INPUT DATA:
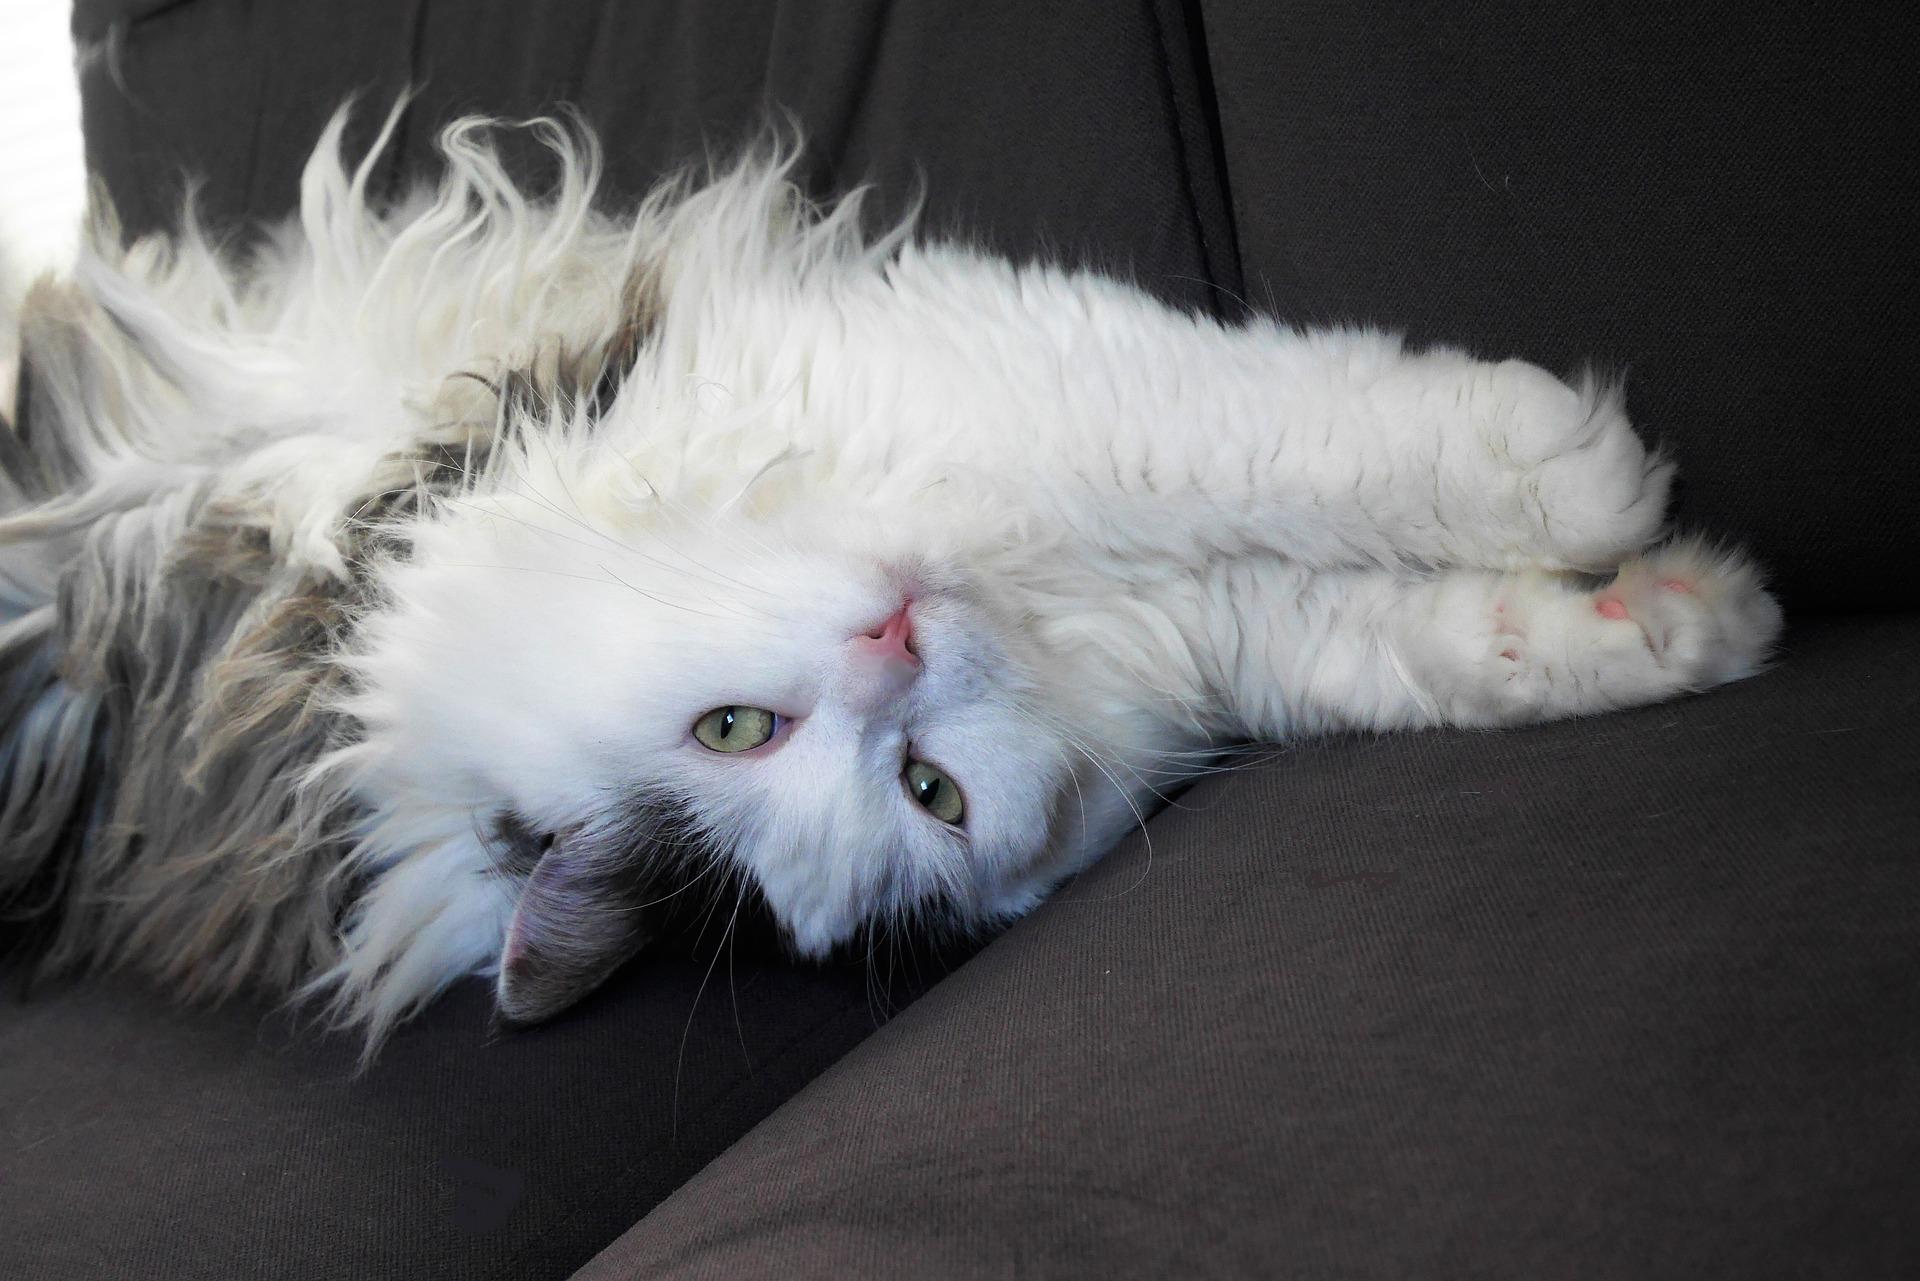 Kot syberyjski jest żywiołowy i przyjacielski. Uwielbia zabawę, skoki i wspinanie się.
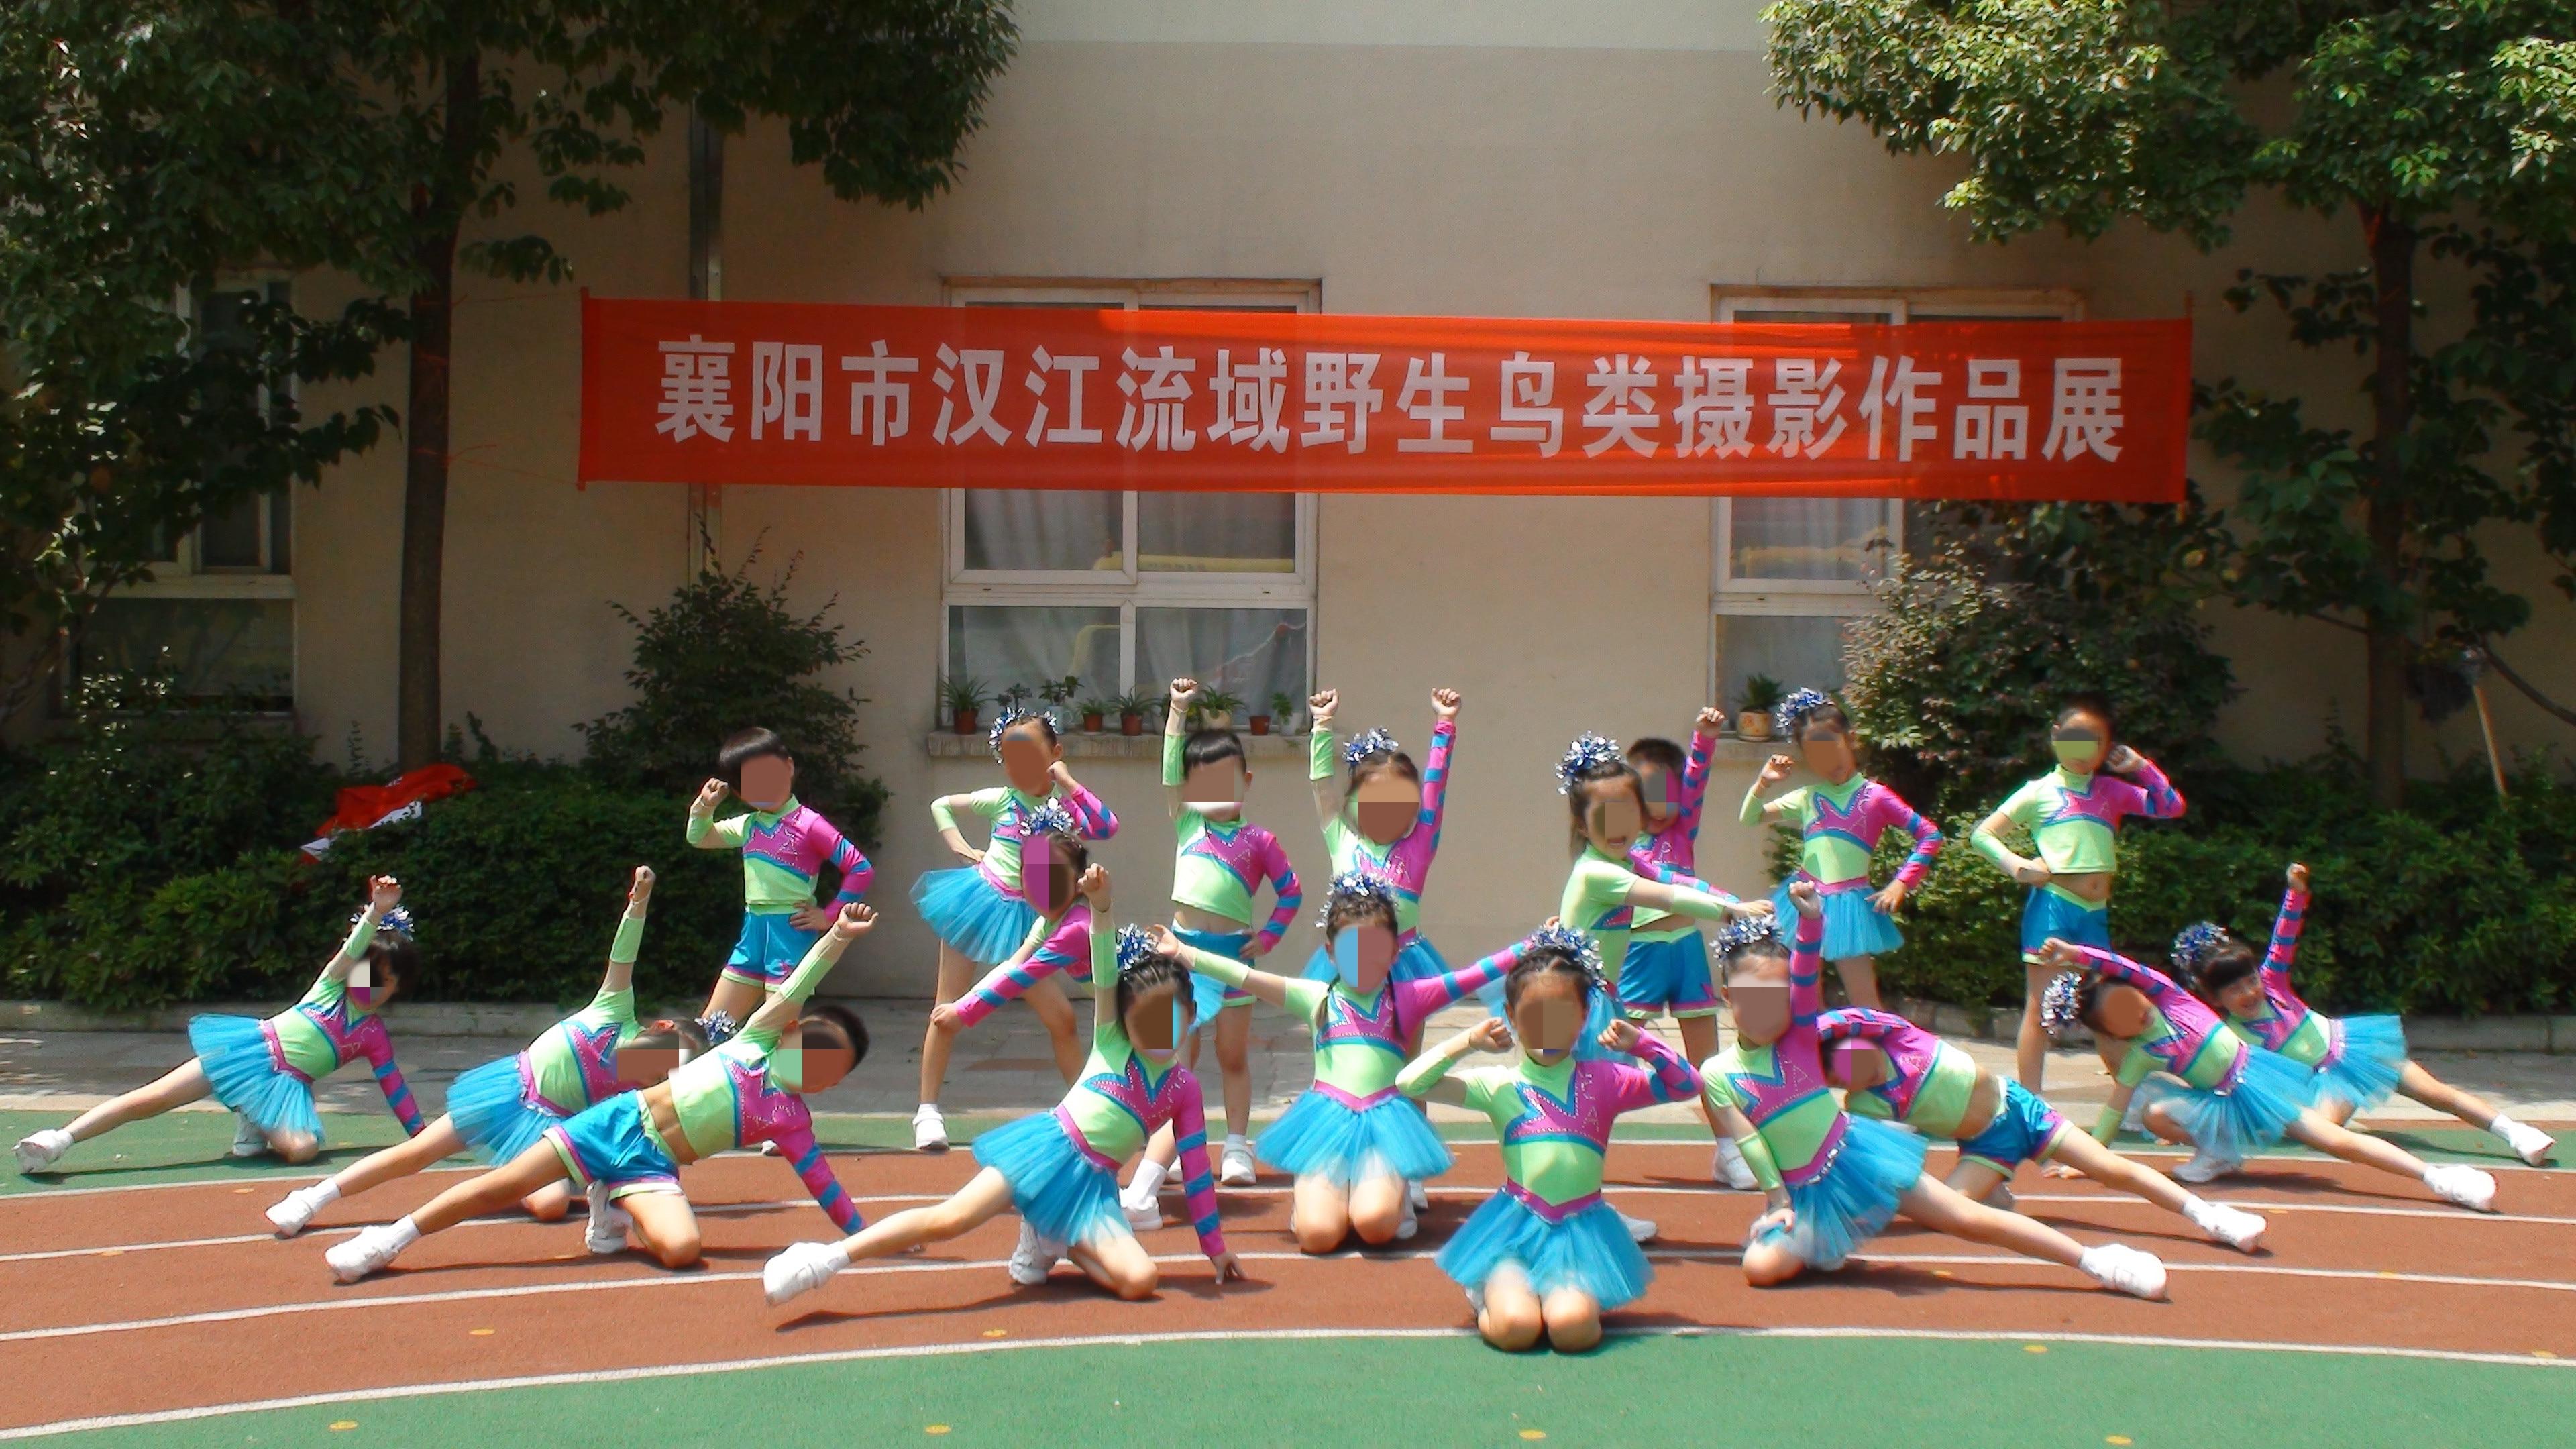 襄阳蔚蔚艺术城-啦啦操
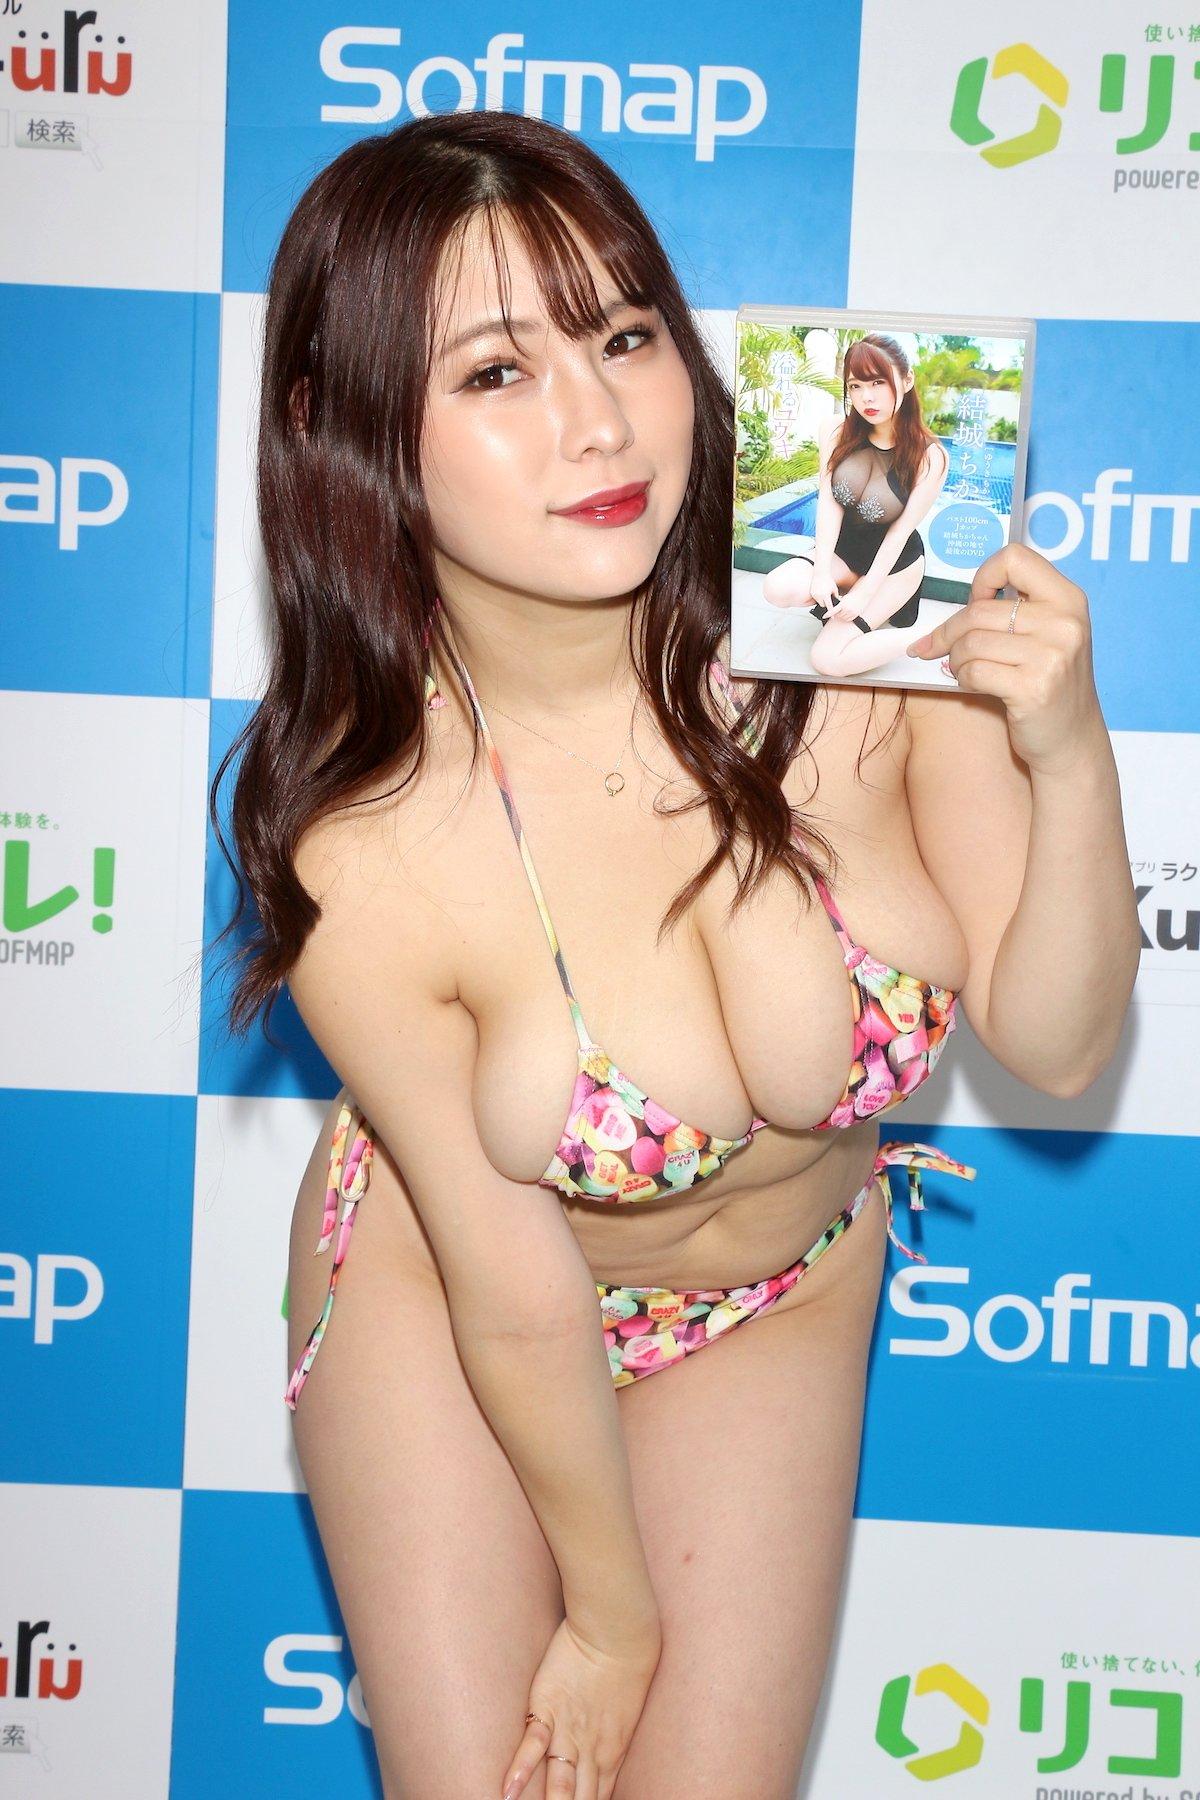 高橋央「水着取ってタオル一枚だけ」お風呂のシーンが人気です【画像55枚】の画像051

WHAT IS NEEDED: Where the material above includes pictures, omit them and retype everything else exactly.

WORKED SOLUTION:
 Kot syberyjski jest żywiołowy i przyjacielski. Uwielbia zabawę, skoki i wspinanie się.
 襄阳蔚蔚艺术城-啦啦操
 高橋央「水着取ってタオル一枚だけ」お風呂のシーンが人気です【画像55枚】の画像051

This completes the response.